Search code examples
pythonpython-3.xweb-scrapingscrapyscrapy-pipeline

Can't use csv pipelines and images pipelines within a spider correctly


I'm trying to figure out any way to write first two fields in a csv file and to use the last two fields to download images in a folder simultaneously. I've created two custom pipelines to achieve that.

This is the spider:

import scrapy

class PagalWorldSpider(scrapy.Spider):
    name = 'pagalworld'
    start_urls = ['https://www.pagalworld.pw/indian-pop-mp3-songs-2021/files.html']

    custom_settings = {
        'ITEM_PIPELINES': {
            'my_project.pipelines.PagalWorldImagePipeline': 1,
            'my_project.pipelines.CSVExportPipeline': 300
        },
        'IMAGES_STORE': r"C:\Users\WCS\Desktop\Images",
    }

    def start_requests(self):
        for start_url in self.start_urls:
            yield scrapy.Request(start_url,callback=self.parse)

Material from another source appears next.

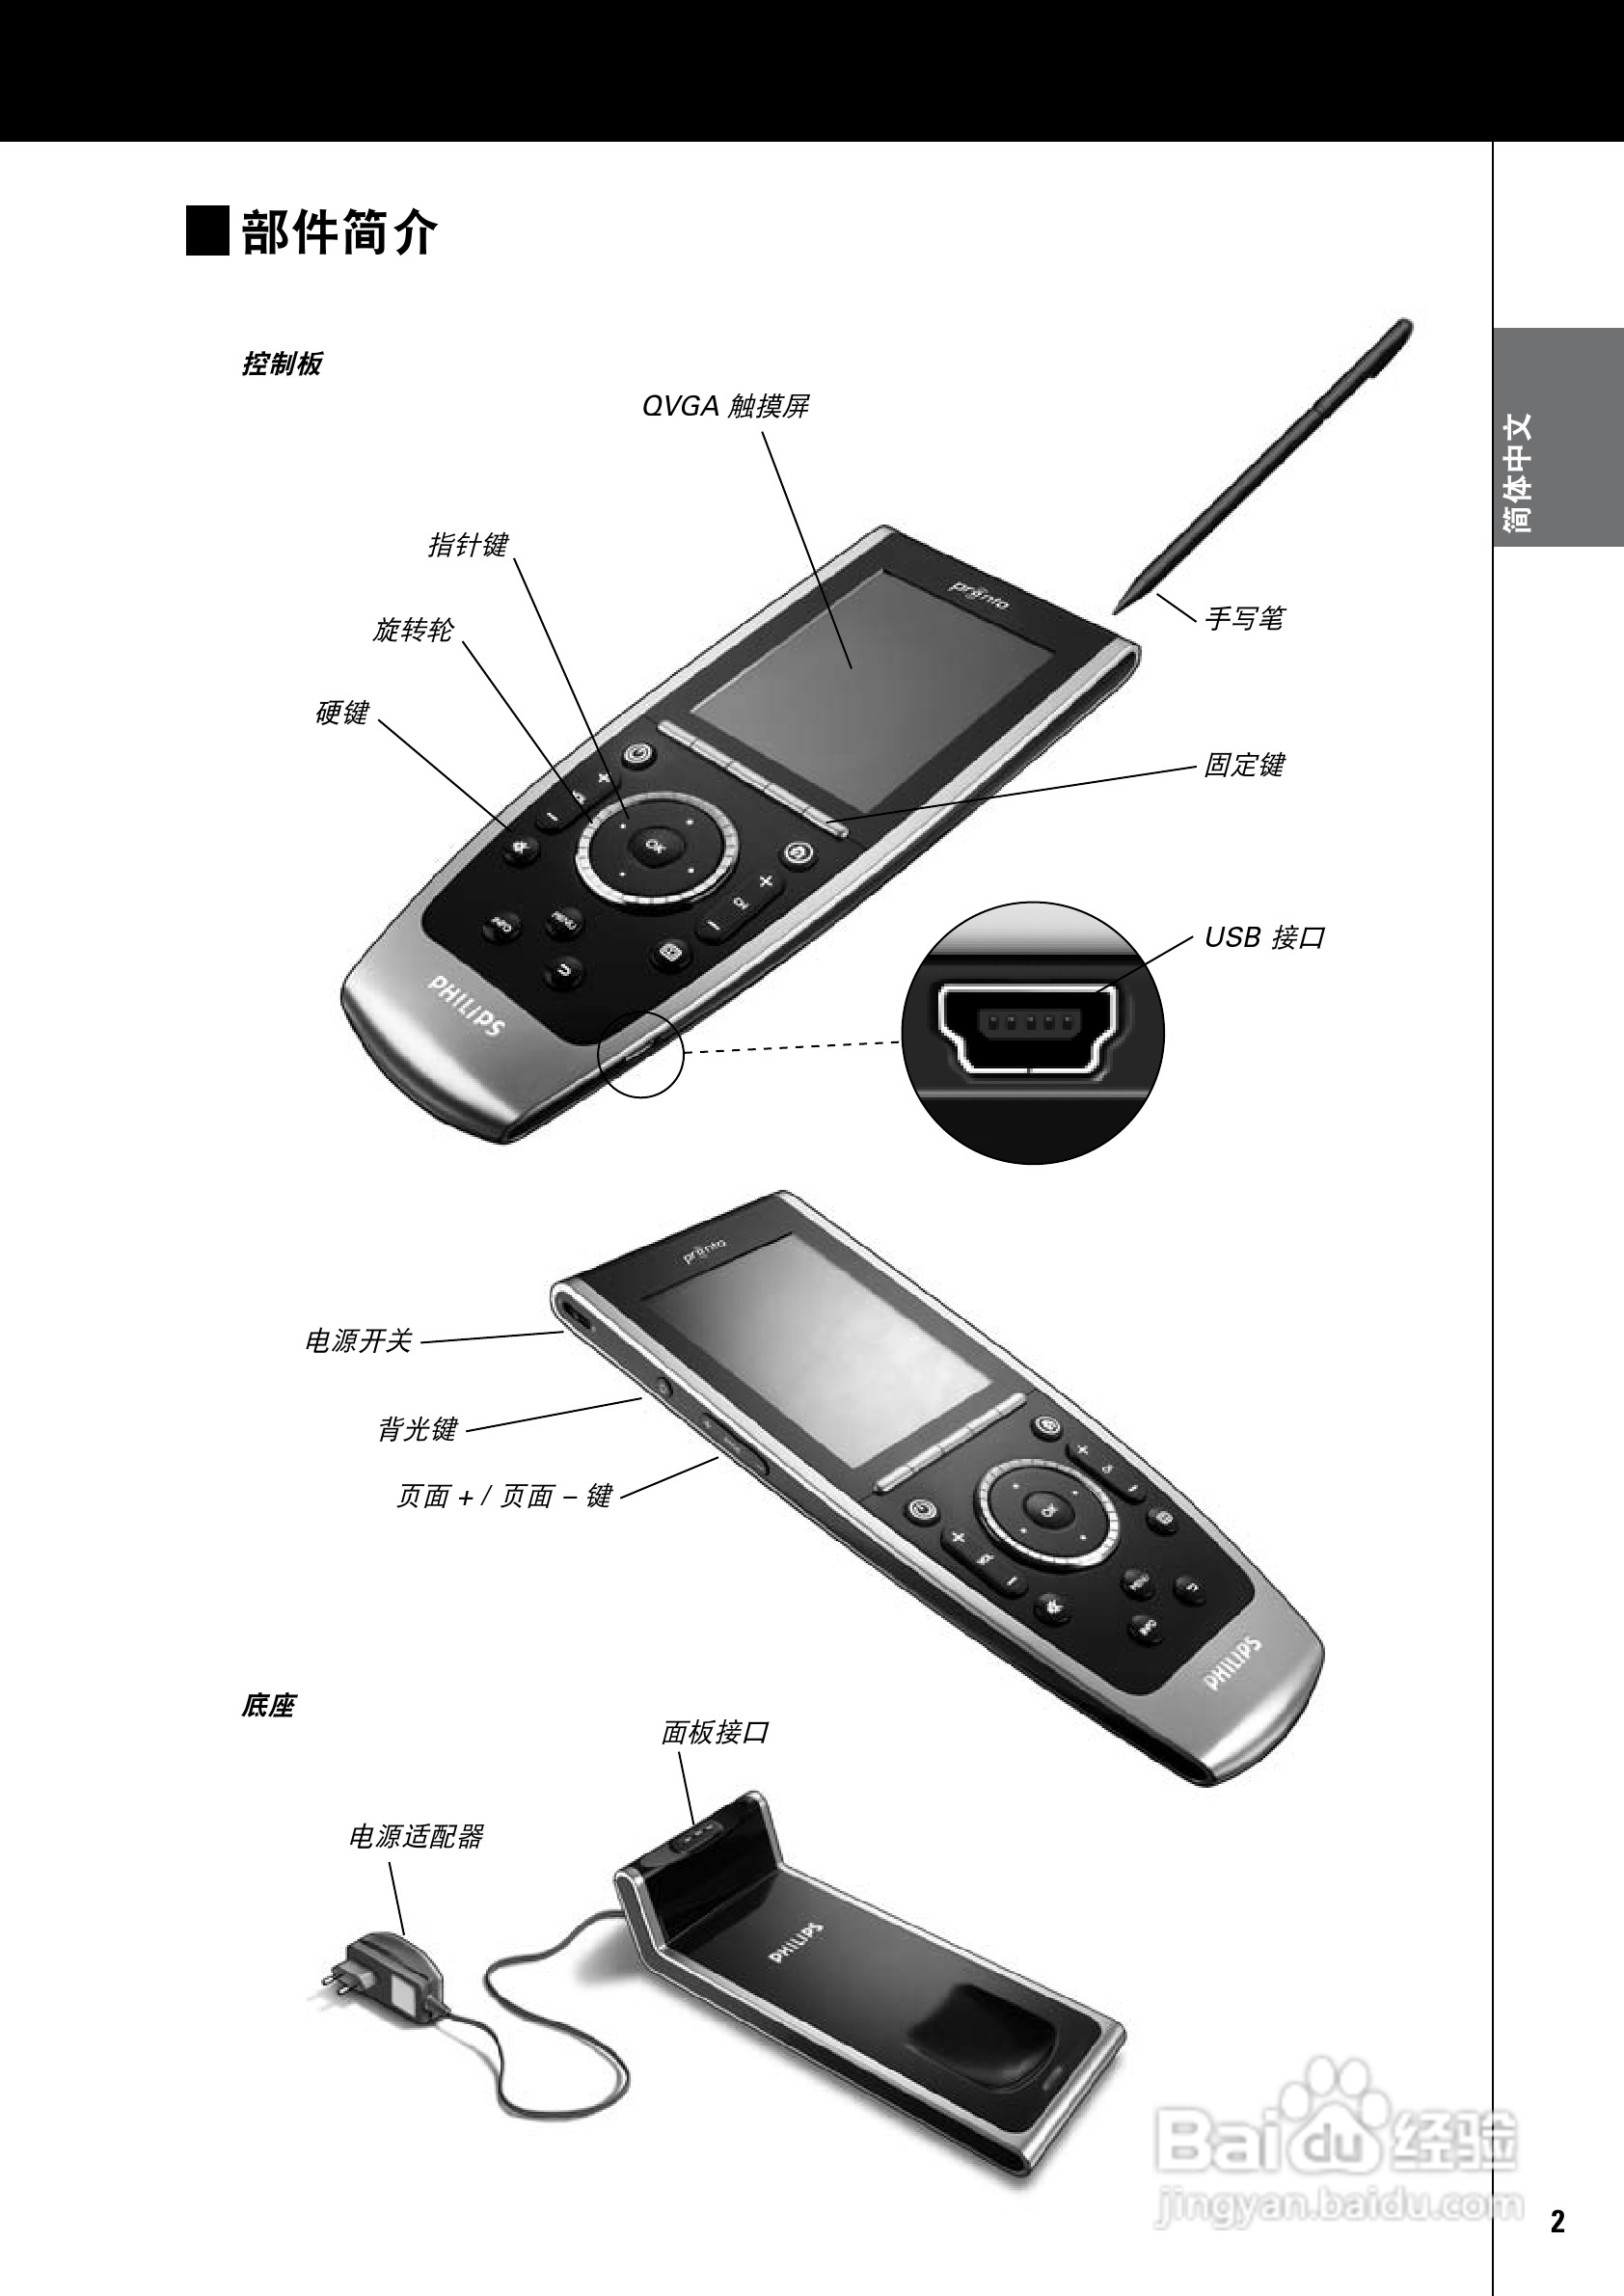 TOSHIBA WS023T手机说明书:[1]-百度经验

    def parse(self, response):
        for item in response.css(".files-list .listbox a[href]::attr(href)").getall():
            inner_page_link = response.urljoin(item)
            yield scrapy.Request(inner_page_link,callback=self.parse_download_links)

    def parse_download_links(self,response):
        title = response.css("h1.title::text").get()
        categories = ', '.join(response.css("ul.breadcrumb > li > a::text").getall())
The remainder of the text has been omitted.